Molybdenum silicide superconducting nanowire single photon detector. When cold down to below 1K, the nanowire becomes superconducting. A telecom photon has a very high probability to be absorbed in it, if it does it will break a Cooper pair and destroy the superconductivity, an electric signal can thus be recorded with a readout circuit. This device can have efficiency higher than 90%, with a repetition rate of tens of Mhz. We are now testing this original double spiral design, as it can cover a large area (high fill factor) with only two short turns (in the center). Such devices are directly used in our lab in Geneva, for quantum experiment such as QKD and quantum teleportation. In the latter case we could call this nanowire a “quantum portal”, as it can teleport the quantum state of a photon. Fabricated and imaged in CMi.


2017, February

Earthquake
Clemens Herkommer, Junqiu Liu, Mohammad Bereyhi LPQM

This SEM picture shows the surface of a silicon wafer with a layer of FOx ebeam resist peeling off after development.

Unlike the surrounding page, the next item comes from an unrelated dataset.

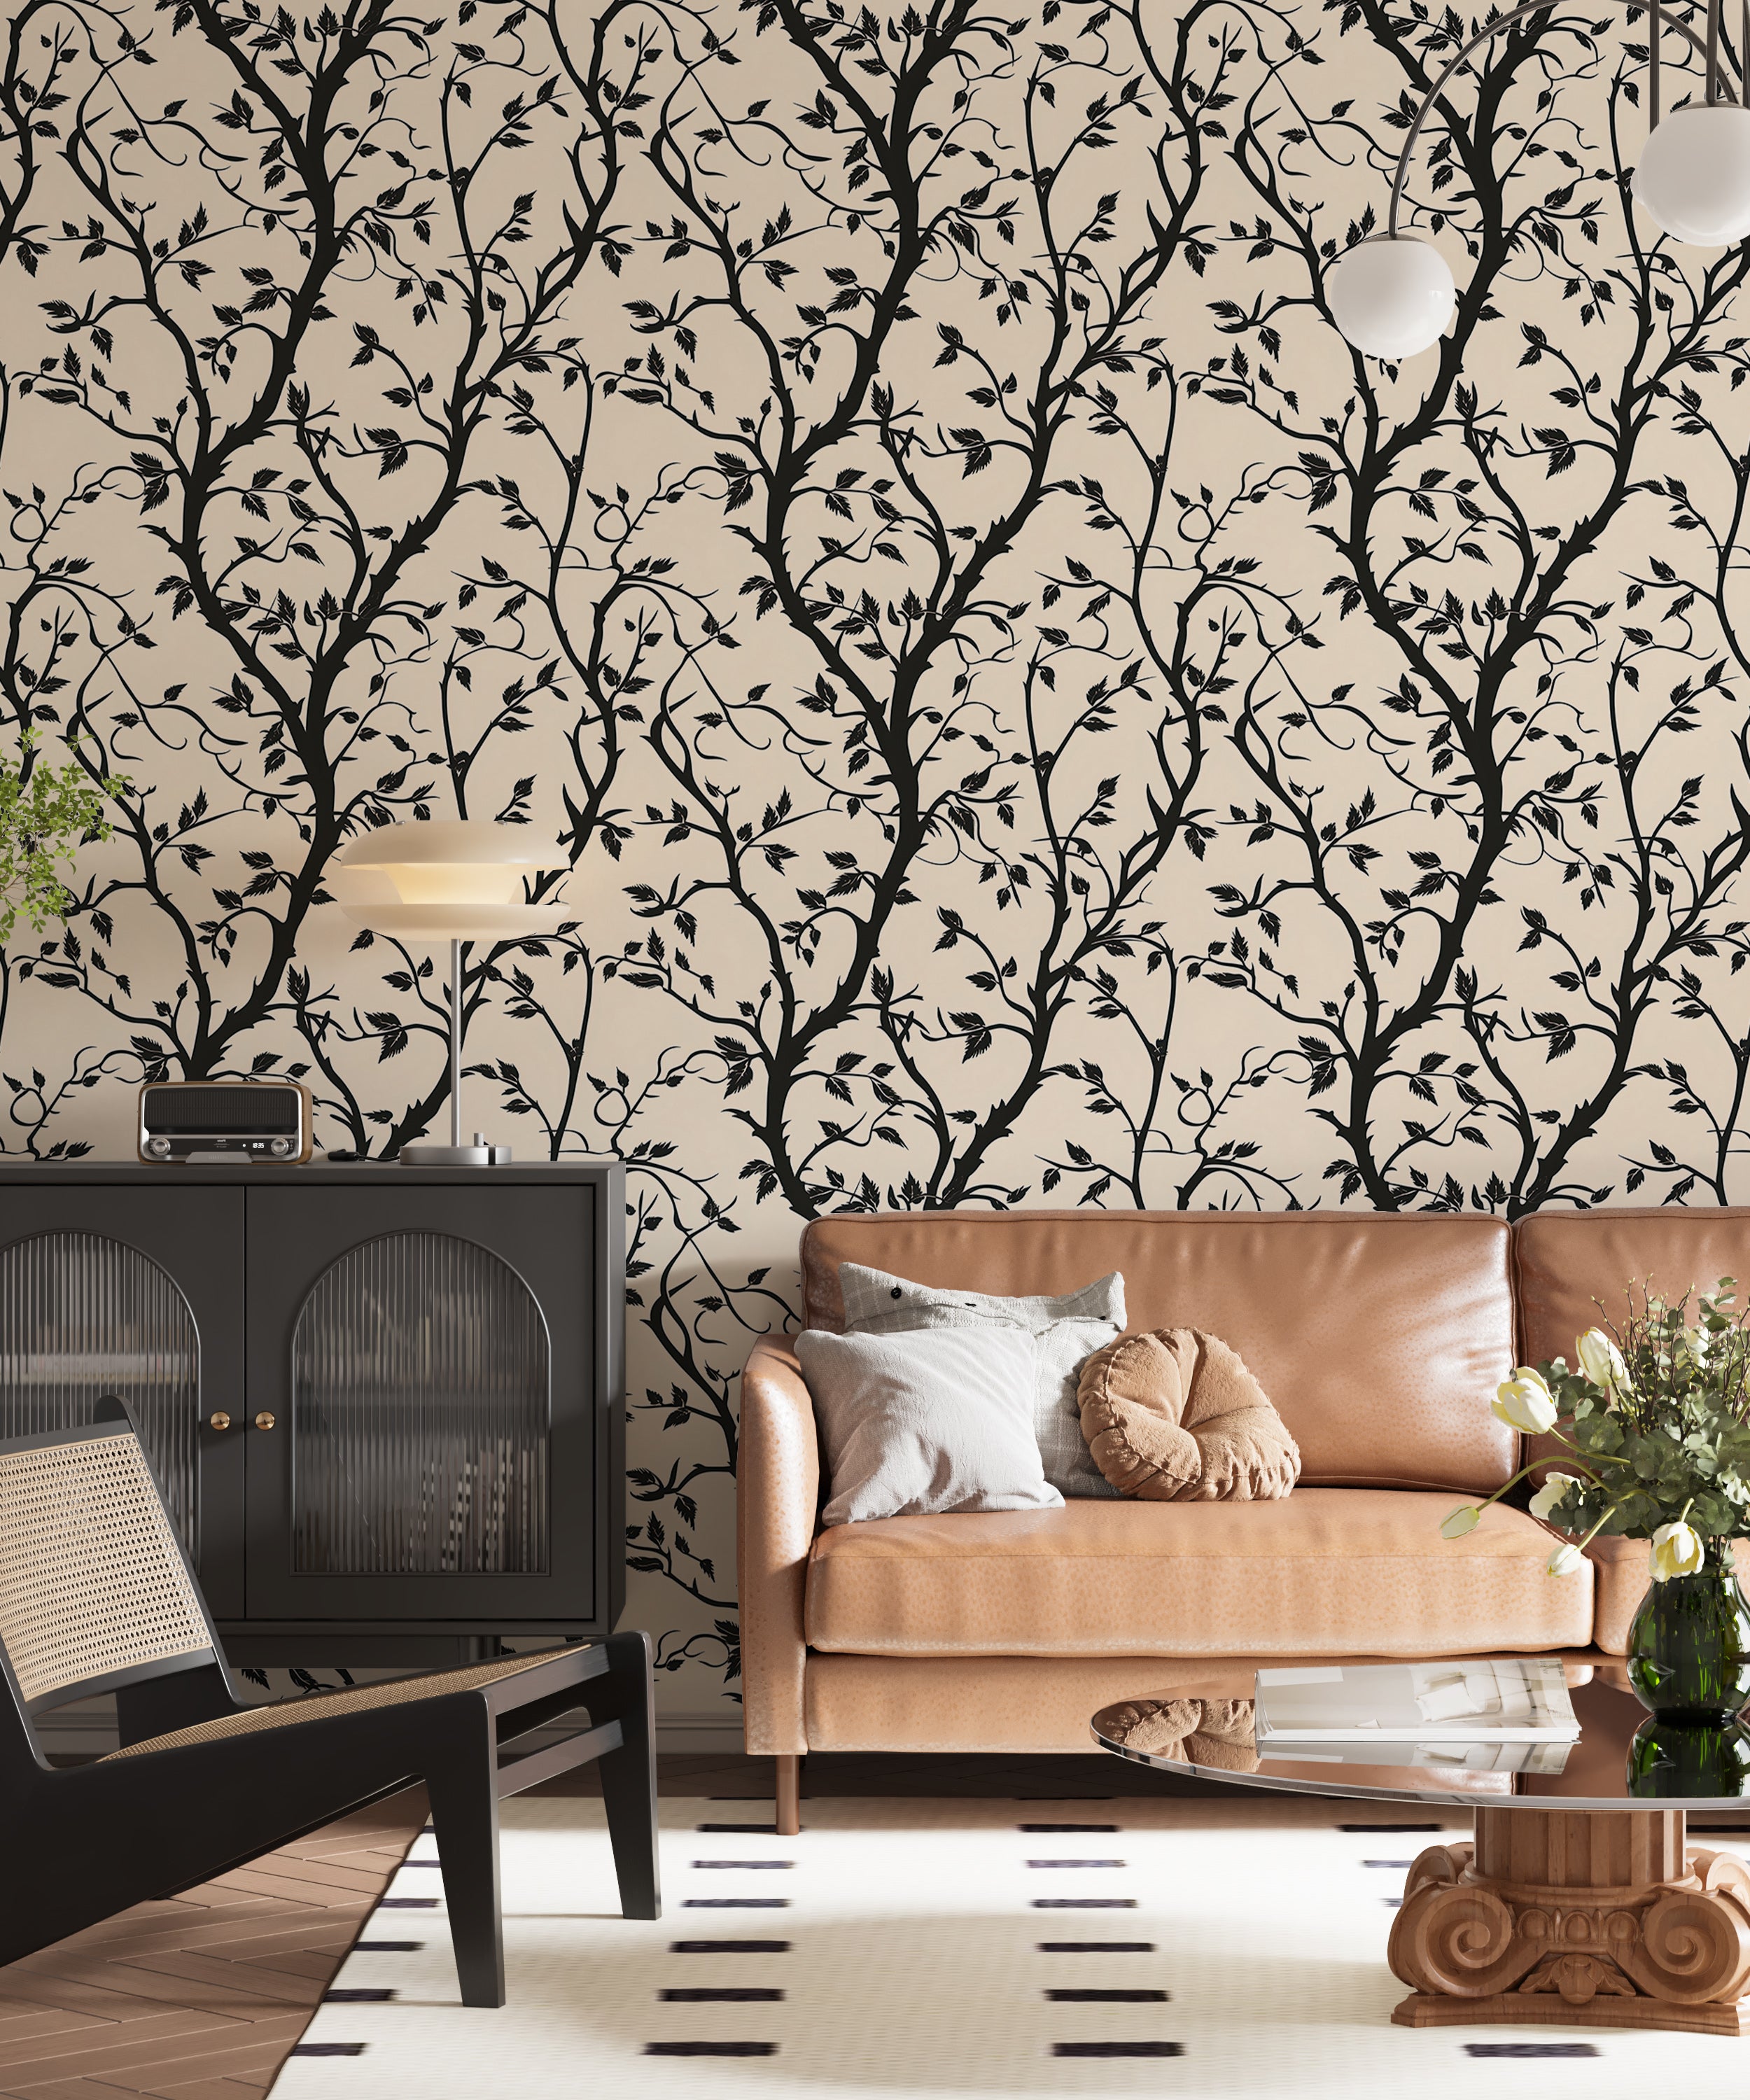 Removable beige and black wallpaper

A written line can be seen as a solid structure embedded in an unexposed area that was not cleared due to a low contrast. Electron impingement during SEM imaging caused the flakes to charge up and delaminate from the wafer surface. On a micrometer-scale, this looks like the open earth crust after a heavy earthquake, with a pavement left over.


2017, January

Tie-Dye E-beam Sample
Martin Friedl, LMSC

In the process of making contacts to (111)B GaAs triangular chips, I was impressed by this pattern that came out of the spin-coater. This psychedelic pattern is caused by the relief on the e-beam sample, namely, the raised triangular chip stuck with Indium on the flat square silicon dummy. This colorful pattern actually means the PMMA/MMA resist stack is non-uniform in thickness, however, you will notice the GaAs triangle itself has a uniform coating, which is really all that matters!

Array of super nova
Stefano Varricchio, LMIS4

Nanostructured silicon embedded in amorphous carbon and silicon dioxide surface after planarization. Or you can think about them as timeframes of a huge supernova captured with a space telescope.

“U” structure
Luka Ciric, LPMC

Focused Ion Beam was employed to cut a lamella out from a layered material and to shape it according to the “U” structure. Suchconfiguration allows for the simultaneous measurement of the electrical resistivity along the different crystallographic direction of the sample. It represents a very reliable method to estimate the electronic anisotropy of a material relevant for electronic applications.